SAN replication copies data to another storage array — preferably off campus — whenever it is written locally, so there are two good versions. If the main e-mail system is lost for any reason, e-mail users can be switched to the offsite location with a click of a mouse. This is the most expensive and complex way to ensure business continuity, but often it’s the only real option in areas prone to earthquakes, hurricanes or other natural disasters.
Ex-changes
If you’re considering upgrading from Exchange 2003, here are some major differences:
- Exchange 2007 is a 64-bit architecture while Exchange 2003 is 32-bit. This should reduce I/O-per-second requirements.
- Exchange 2007 supports five storage groups instead of one, with no limit on the size of the Exchange database.
- Exchange 2007 supports unified messaging.
- Exchange 2007 has antispam and antivirus protection built in.
First-Class E-Mail Tips
A few things to keep in mind when migrating to a new e-mail system:
- Planning and testing is key. More time spent planning will result in fewer surprises when the process begins.
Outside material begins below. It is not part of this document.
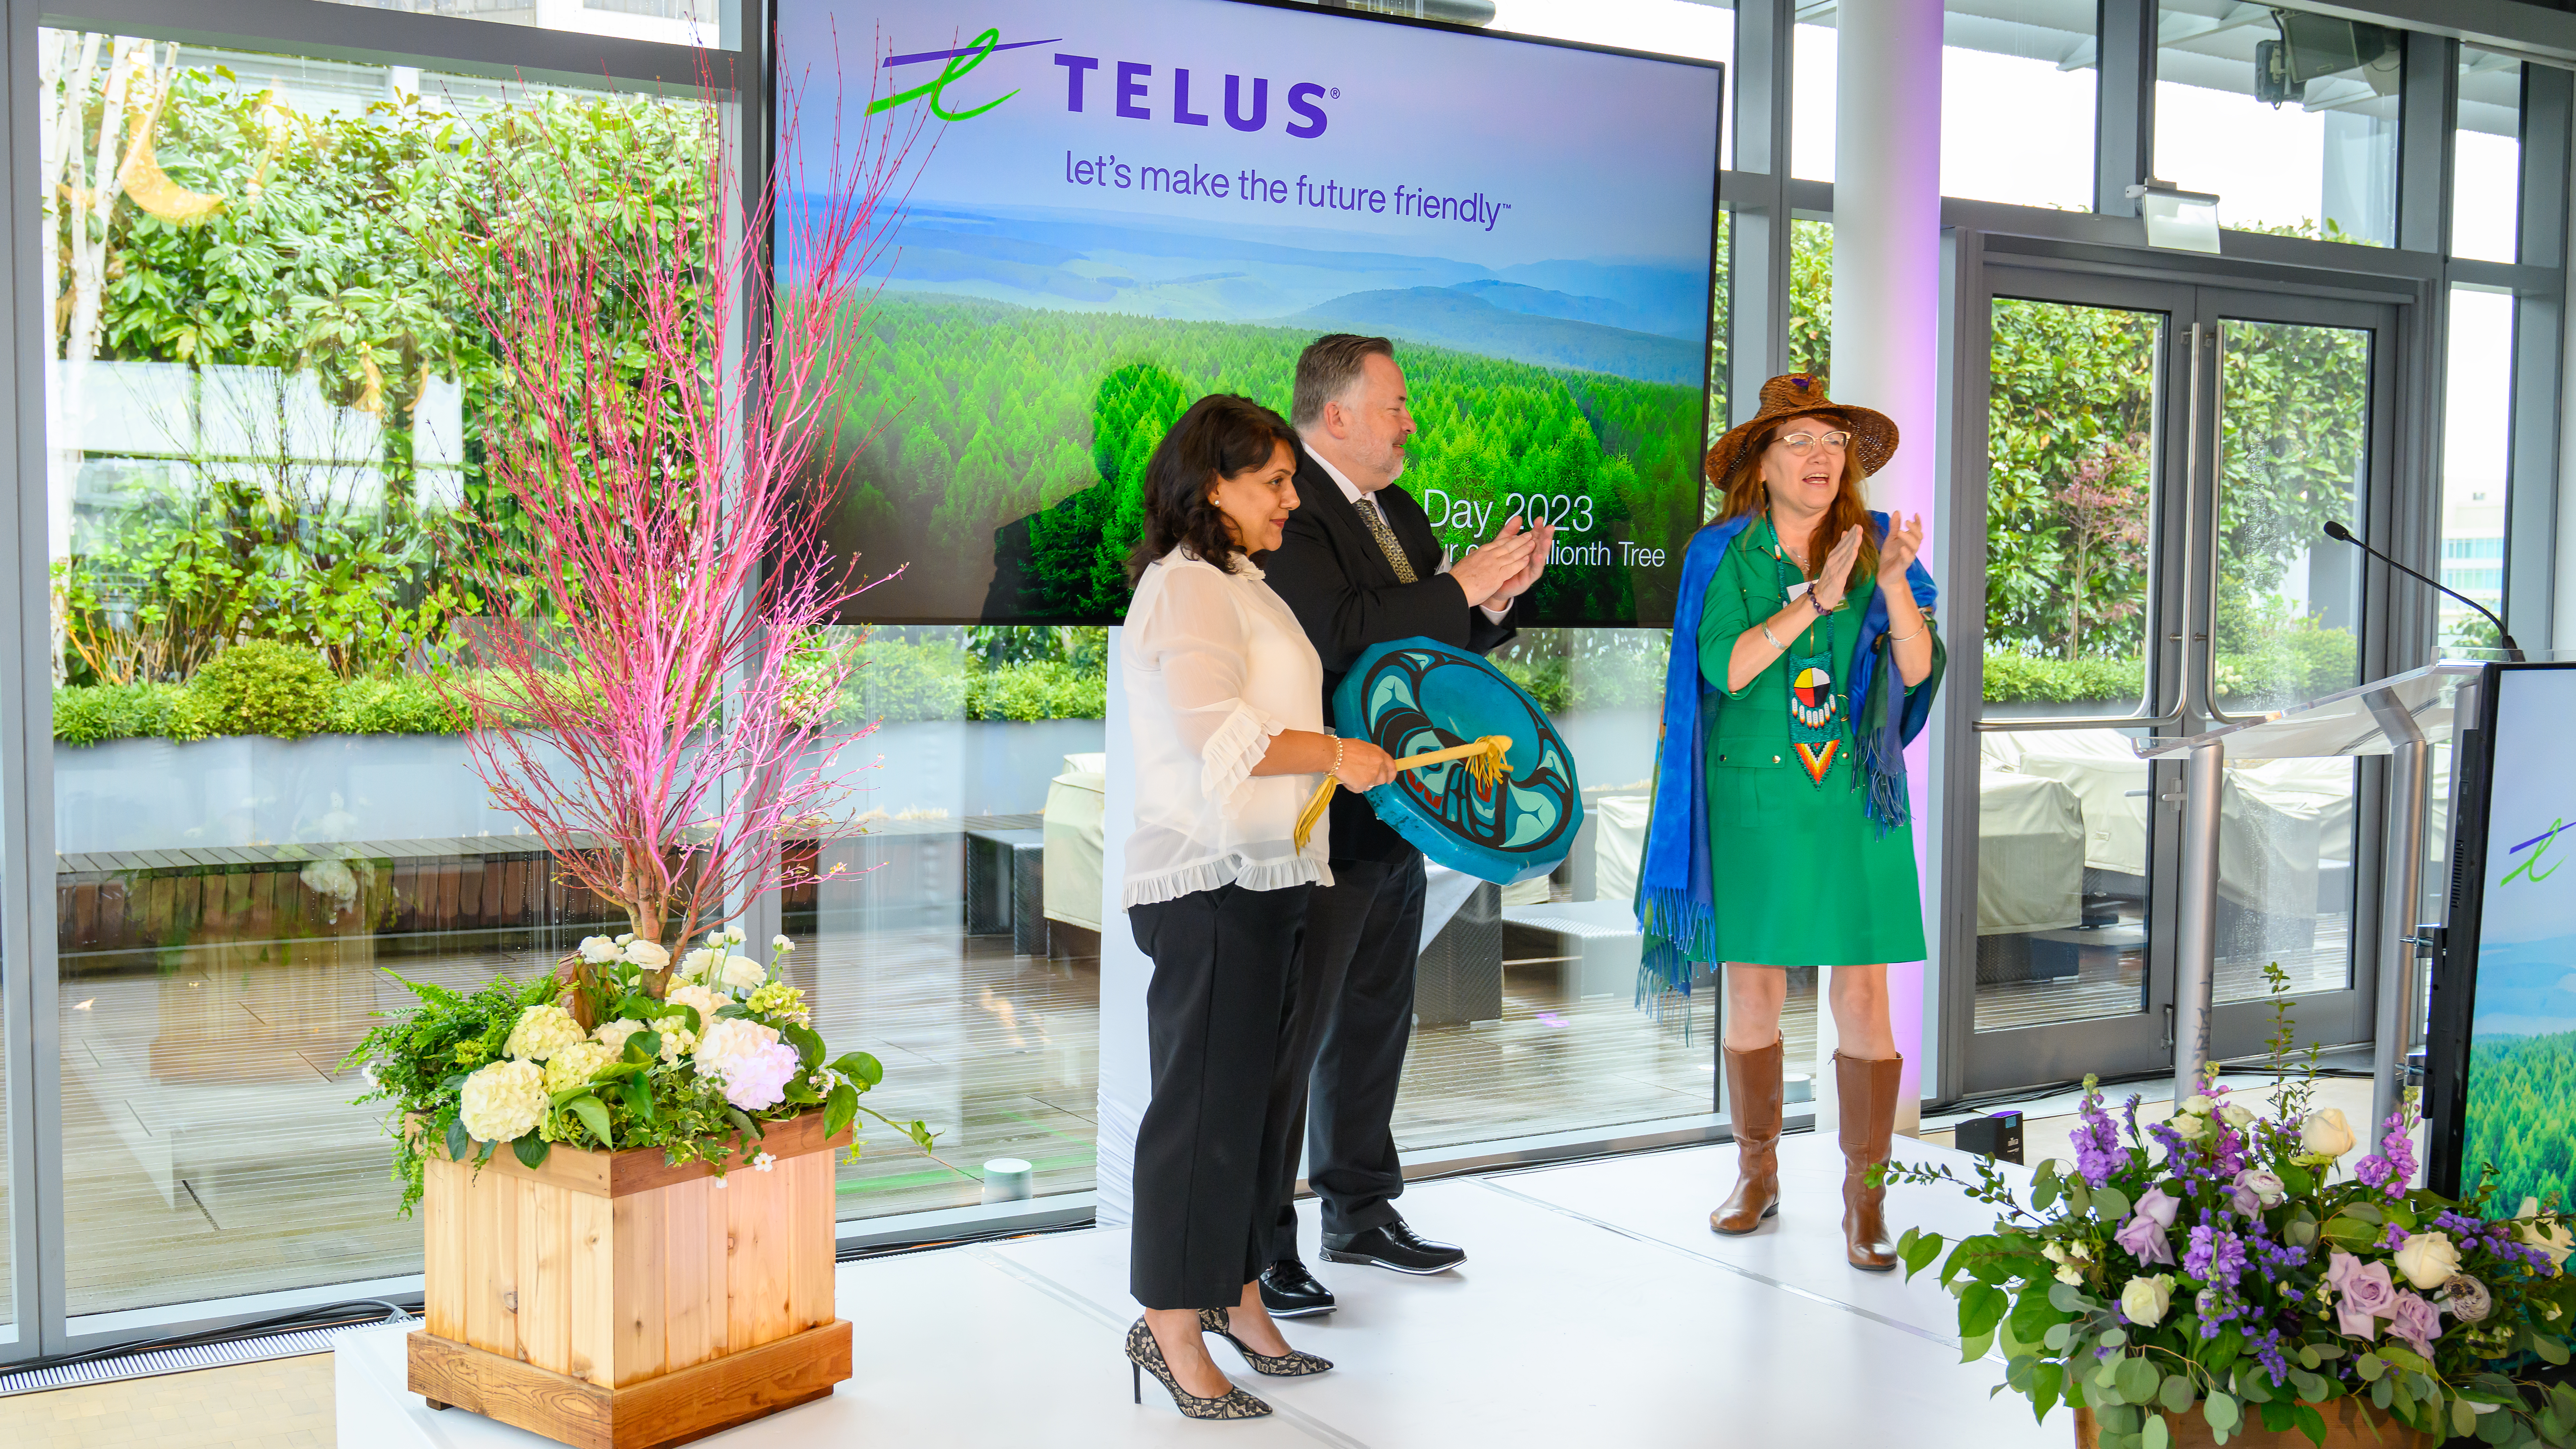 Des membres de l’équipe TELUS font une présentation à l’occasion du Jour de la Terre.

- Complexity is often your worst enemy. It is less painful for your users and you if you refrain from using things that try to get different e-mail systems to talk to one another.
- The easiest method is often the swift approach. Instead of staggering migrations over a long period, try to get them all done as quickly as possible.
- Don’t destroy the old server data until you are certain everything is OK on the new one.
- Don’t promise too much or sell it as anything other than what it is. It’s an e-mail system, not an all-in-one utility for saving your network.